MaartenGr / BERTopic

Leveraging BERT and c-TF-IDF to create easily interpretable topics.
https://maartengr.github.io/BERTopic/
MIT License
6.17k stars 764 forks source link

how to productionze it to run on saved model? #1571

Open sdave-connexion opened 1 year ago

sdave-connexion commented 1 year ago

Hello, I have created my model but every week I don't want to run the whole analysis again, I would like to only take the new feedback that I receive and run through the model and feedback gets assigned to my current clusters directly.

I looked at online topic modelling but it doesn't work after the .fit part.

Thank you in advance

Best, Shantanu

clstaudt commented 1 year ago

By "run the analysis" you mean calling the fit method? By "run it through the model" you mean calling the transform method? Unless I misunderstand something, isn't that an obvious solution right there?

sdave-connexion commented 1 year ago

@clstaudt Hi, I've used topic modeling to categorize a dataset of 100,000 feedbacks into 20 main topics. As new data arrives—around 5,000 feedbacks each week—I want to efficiently categorize this fresh feedback into those pre-established 20 topics. I'm looking for an approach where I can apply the already trained model to these new entries without having to re-run the model on the entire, ever-growing dataset.

What's the best way to achieve this incremental categorization?

for example - more or less, what I'd like to do is akin to how in supervised learning we can use a trained model to predict labels for new, unseen data.

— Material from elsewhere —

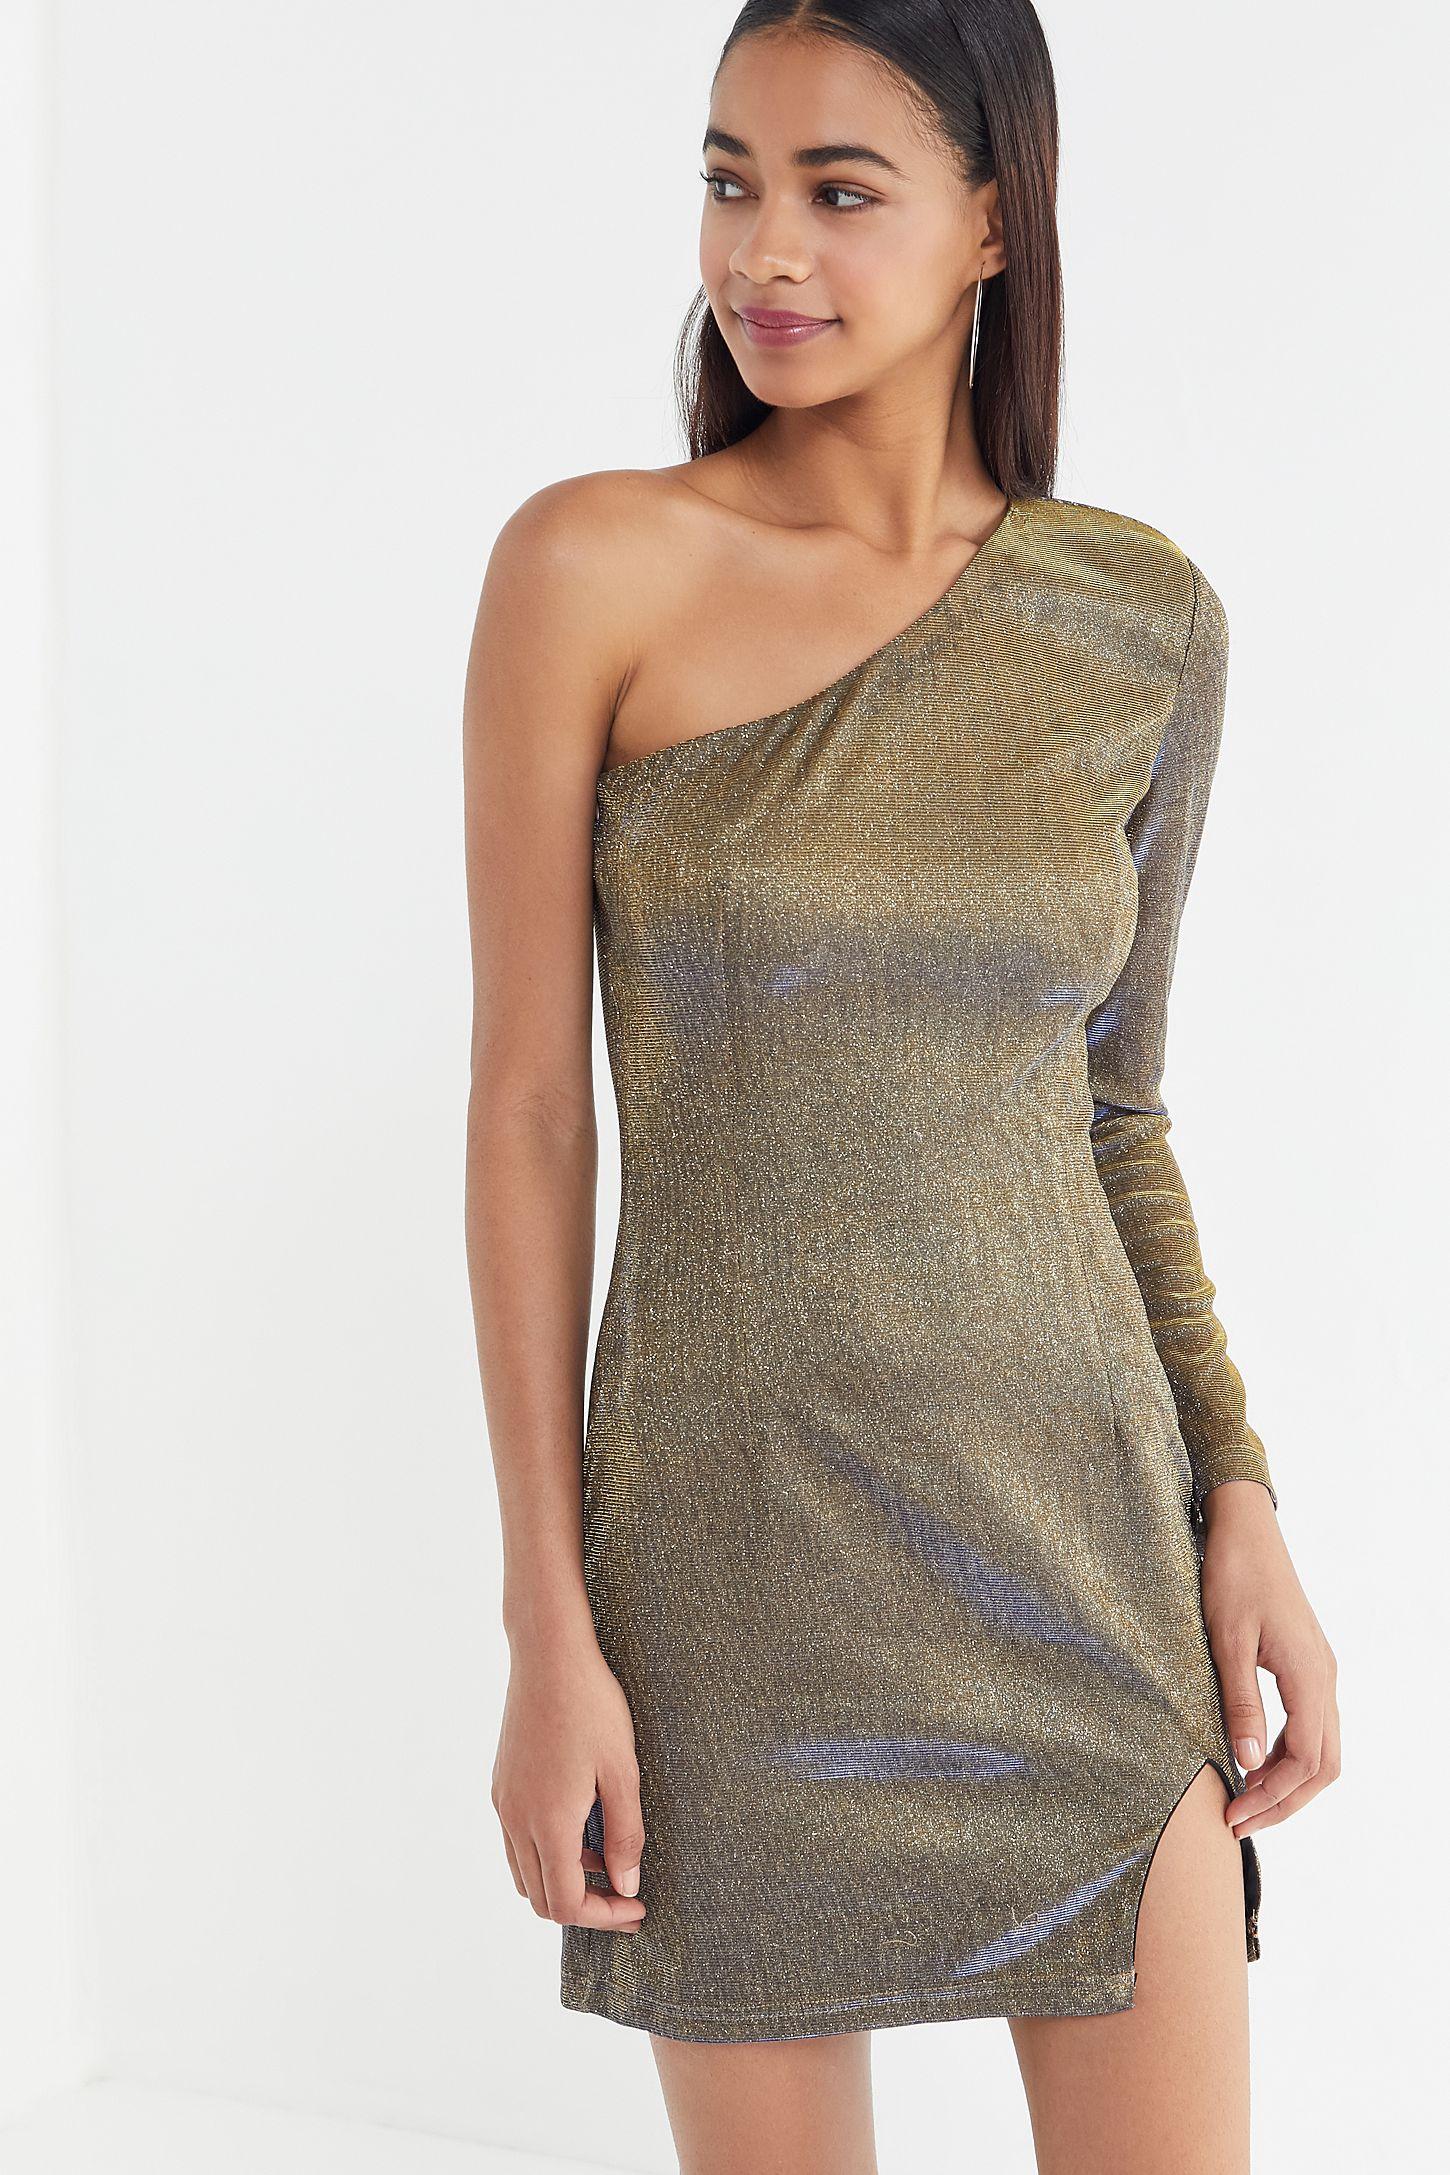 hot products sale online official site Tiger Mist Serene Sparkly One-Shoulder Mini Dress
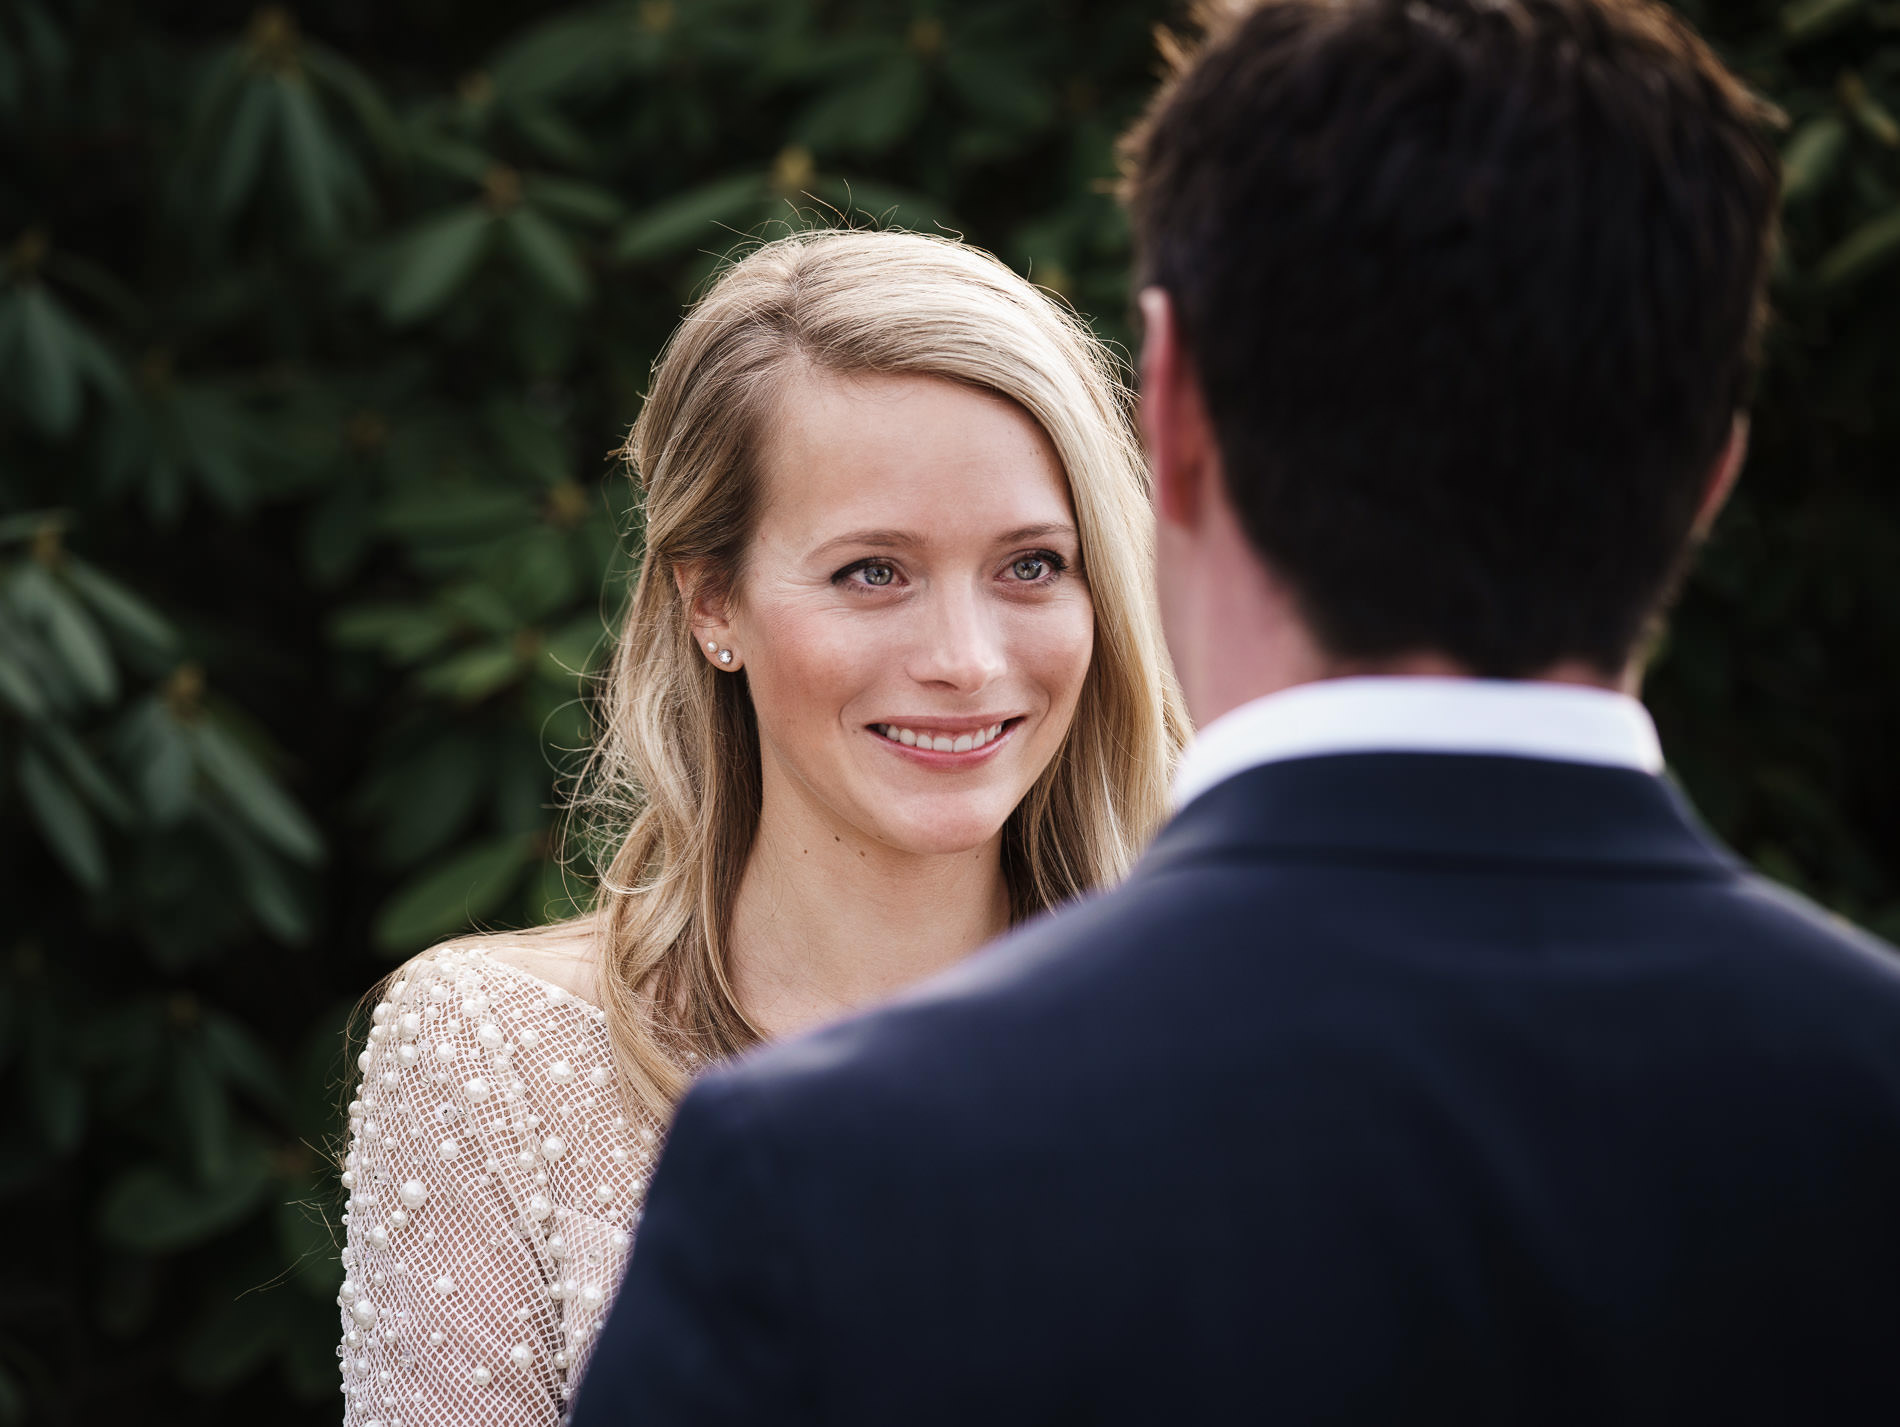 Braut Eheversprechen

clstaudt commented 1 year ago

I believe BERTopic works out of the box just like other ML models that you familiar with:

  1. train the BERTopic model on your training set (the 100k feedbacks) via a call to fit and validate the topics
  2. save the model
  3. load the model whenever you need to label a new batch of feedbacks
  4. do so by calling the model's transform method on the new batch -> the result is an assignment of each new feedback to one (or several) of the pre-established topics (or the outlier topic)
MaartenGr commented 1 year ago

Indeed! After having created your model with fit_transform or fit you can simply run transform to do this:

Hello, I have created my model but every week I don't want to run the whole analysis again, I would like to only take the new feedback that I receive and run through the model and feedback gets assigned to my current clusters directly.